Excerpts from Exemplar of Liberty by Donald Grinde and Bruce Johansen

The Great Law included provisions guaranteeing freedom of religion and the right of redress before the Grand Council. It even forbade unauthorized entry into homes – measures that sound familiar to United States citizens through the Bill of Rights.

Women played a profound role in Iroquois political life. Although the Iroquois were bound together by a clan and chieftain system, which was buttressed by a similar linguistic base, the League of the Iroquois was much more than simply a kinship state. The basic unit of government was the “hearth,” which consisted of a mother and her children. Each hearth was part of a wider group called an otiianer, and two or more otiianers constituted a clan. The word otiianer specifically referred to the female heirs to the chieftainship titles of the League. The otiianer women selected one of the males within their group to fill any of the fifty seats in the League.

All the sons and daughters of a particular clan were related through uterine families that often lived far apart. In this system, a husband went to live with his wife’s family, and their children became members of the mother’s clan by right of birth. Through matrilineal descent, the Iroquois formed cohesive political groups – headed by the “clan mothers” – that had little to do with where people lived or from what village the hearths originated. All authority sprang from the people of the various clans that made up the Iroquois Confederacy. The clan mothers appointed the male delegates and deputies who, after consultation within the clan, spoke for them at tribal meetings where issues and questions were formulated and subsequently debated in council.
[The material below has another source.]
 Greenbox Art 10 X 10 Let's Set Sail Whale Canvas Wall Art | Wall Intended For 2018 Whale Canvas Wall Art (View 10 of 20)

Instead of formal instruments of authority, the Iroquois governed behavior by instilling a sense of pride and belonging to the group through common rituals and the careful rearing of children. Iroquois youth were trained to enter a society that was egalitarian, with power more evenly distributed between male and female, young and old, than was common in Euro-American society.

The Great Tree of Peace

In his vision, [the prophet] Deganawidah saw a giant evergreen (the Great White Pine) reaching to the sky and gaining strength from three counter-balancing principles of life. The first law of nature was that a stable mind and healthy body must be in balance so that peace between individuals and groups could occur. Secondly, Deganawidah believed that human conduct, thought, and speech were requirements for equity and justice among peoples. Finally, he divined a society in which physical strength and civil authority would reinforce the power of the clan system.
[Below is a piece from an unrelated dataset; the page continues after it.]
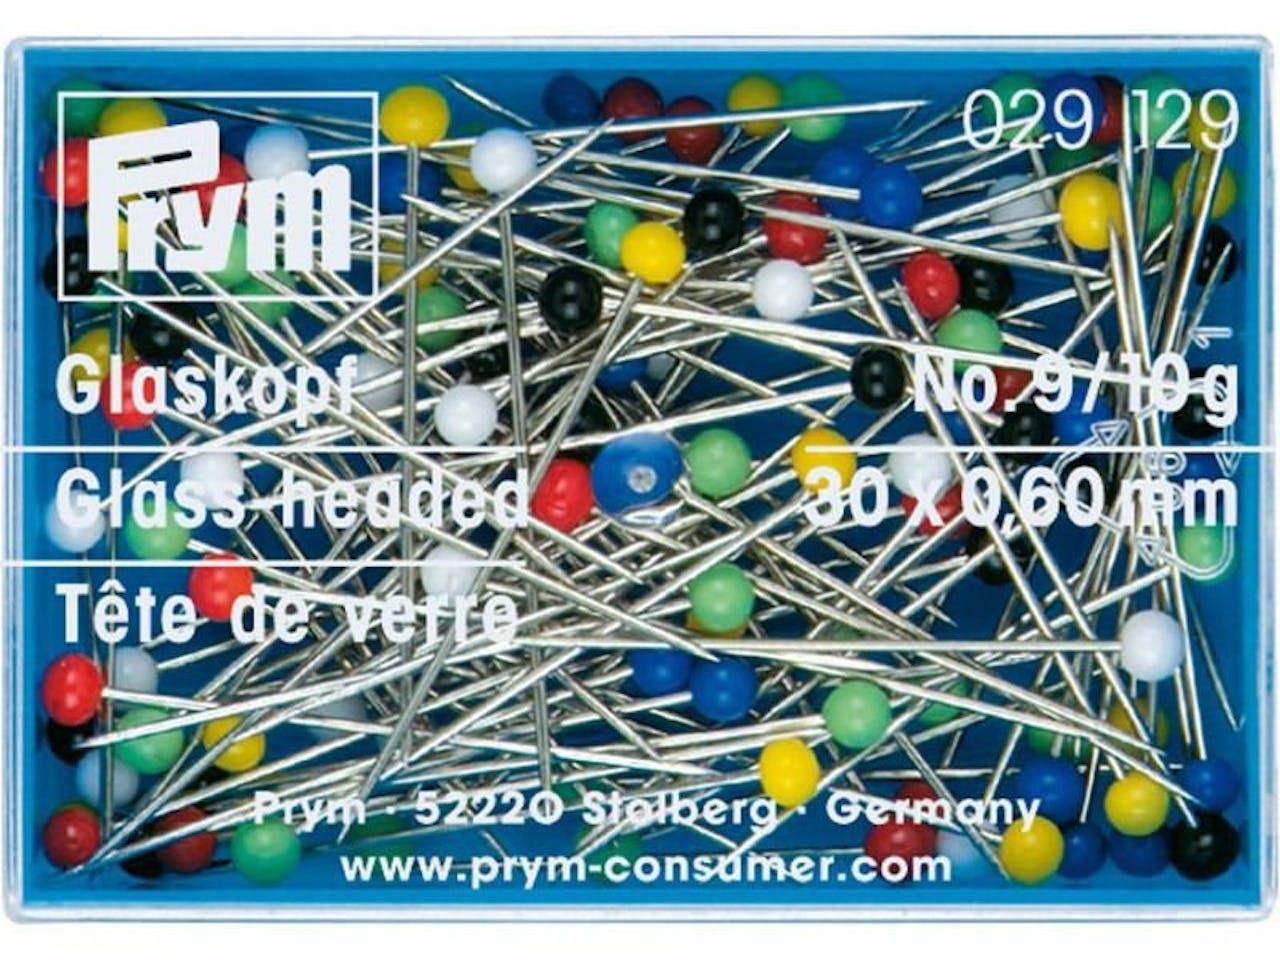 Prym Buntkopf-Stecknadel Glas, Stahl, gehärtet, bunt, 30 x 0,60 mm, 10 g in Kunststoffd. (029129)

Deganawidah’s tree had four white roots that stretched to the four directions of the earth. This tree was humanity, living within the principles governing relations among human beings, and the eagle perched on top of the giant pine was humanity’s lookout against enemies who would disturb the peace. His vision was a message from the Creator, bringing harmony to human existence and uniting all peoples into a single family guided by three principles.

The primary national symbol of the Haudenosaunee was the Great White Pine, which served throughout the Great Law as a metaphor for the Confederacy. Its branches sheltered the people of the Five Nations, and its roots spread to the four directions, inviting other peoples, regardless of race or nationality, to take refuge under the tree. The Haudenosaunee recognized no bars to dual citizenship; in fact, many influential figures in the English colonies and early United States were adopted into Iroquois nations.

Each of the five nations maintained its own council, whose sachems were nominated by the clan mothers of families holding hereditary rights to office titles. The Grand Council at Onondaga was drawn from the individual national councils, but could also nominate sachems outside the local hereditary structures based on merit alone. These sachems, called “pine tree chiefs,” were said to have sprung from the body of the people much as the symbolic Great White Pine had grown from the earth.

The rights, duties, and qualifications of sachems were explicitly outlined, and the clan mothers could remove (or impeach) a sachem that was found guilty of any number of abuses of office.